[Extracted data — start]
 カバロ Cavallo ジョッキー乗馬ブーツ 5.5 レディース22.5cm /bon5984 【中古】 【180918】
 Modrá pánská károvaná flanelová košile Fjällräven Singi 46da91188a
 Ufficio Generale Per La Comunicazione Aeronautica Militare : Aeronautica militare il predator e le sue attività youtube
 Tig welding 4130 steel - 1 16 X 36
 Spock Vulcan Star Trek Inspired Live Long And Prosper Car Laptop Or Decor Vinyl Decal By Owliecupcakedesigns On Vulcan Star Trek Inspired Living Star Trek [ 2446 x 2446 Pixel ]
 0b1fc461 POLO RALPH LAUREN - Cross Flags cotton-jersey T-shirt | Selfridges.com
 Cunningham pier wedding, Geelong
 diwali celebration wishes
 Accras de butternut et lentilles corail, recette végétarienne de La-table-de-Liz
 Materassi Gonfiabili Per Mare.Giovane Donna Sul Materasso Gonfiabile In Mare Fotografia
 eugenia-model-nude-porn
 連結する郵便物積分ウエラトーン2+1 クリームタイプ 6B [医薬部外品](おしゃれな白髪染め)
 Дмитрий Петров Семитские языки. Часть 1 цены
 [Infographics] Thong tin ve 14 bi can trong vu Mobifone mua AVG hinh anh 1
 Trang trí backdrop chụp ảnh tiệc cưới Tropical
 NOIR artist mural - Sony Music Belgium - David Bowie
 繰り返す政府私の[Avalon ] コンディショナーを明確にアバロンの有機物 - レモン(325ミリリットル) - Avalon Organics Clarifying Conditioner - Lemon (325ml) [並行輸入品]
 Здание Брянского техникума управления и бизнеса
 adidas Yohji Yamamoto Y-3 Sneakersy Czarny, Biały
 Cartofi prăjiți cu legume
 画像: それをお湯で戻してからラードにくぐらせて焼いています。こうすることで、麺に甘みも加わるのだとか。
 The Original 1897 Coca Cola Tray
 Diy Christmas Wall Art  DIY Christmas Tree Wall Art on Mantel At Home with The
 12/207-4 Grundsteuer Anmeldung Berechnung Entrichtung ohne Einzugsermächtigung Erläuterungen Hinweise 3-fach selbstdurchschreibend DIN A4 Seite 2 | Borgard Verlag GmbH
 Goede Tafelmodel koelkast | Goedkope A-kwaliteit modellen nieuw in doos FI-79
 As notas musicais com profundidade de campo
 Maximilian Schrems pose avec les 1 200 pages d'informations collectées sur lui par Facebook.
[Extracted data — finish]
What needs to be done
Nothing but an exact copy of the lines from the start of the entries through the line containing "Cartofi prăjiți cu legume" belongs in the response.

Answer to this exercise
 カバロ Cavallo ジョッキー乗馬ブーツ 5.5 レディース22.5cm /bon5984 【中古】 【180918】
 Modrá pánská károvaná flanelová košile Fjällräven Singi 46da91188a
 Ufficio Generale Per La Comunicazione Aeronautica Militare : Aeronautica militare il predator e le sue attività youtube
 Tig welding 4130 steel - 1 16 X 36
 Spock Vulcan Star Trek Inspired Live Long And Prosper Car Laptop Or Decor Vinyl Decal By Owliecupcakedesigns On Vulcan Star Trek Inspired Living Star Trek [ 2446 x 2446 Pixel ]
 0b1fc461 POLO RALPH LAUREN - Cross Flags cotton-jersey T-shirt | Selfridges.com
 Cunningham pier wedding, Geelong
 diwali celebration wishes
 Accras de butternut et lentilles corail, recette végétarienne de La-table-de-Liz
 Materassi Gonfiabili Per Mare.Giovane Donna Sul Materasso Gonfiabile In Mare Fotografia
 eugenia-model-nude-porn
 連結する郵便物積分ウエラトーン2+1 クリームタイプ 6B [医薬部外品](おしゃれな白髪染め)
 Дмитрий Петров Семитские языки. Часть 1 цены
 [Infographics] Thong tin ve 14 bi can trong vu Mobifone mua AVG hinh anh 1
 Trang trí backdrop chụp ảnh tiệc cưới Tropical
 NOIR artist mural - Sony Music Belgium - David Bowie
 繰り返す政府私の[Avalon ] コンディショナーを明確にアバロンの有機物 - レモン(325ミリリットル) - Avalon Organics Clarifying Conditioner - Lemon (325ml) [並行輸入品]
 Здание Брянского техникума управления и бизнеса
 adidas Yohji Yamamoto Y-3 Sneakersy Czarny, Biały
 Cartofi prăjiți cu legume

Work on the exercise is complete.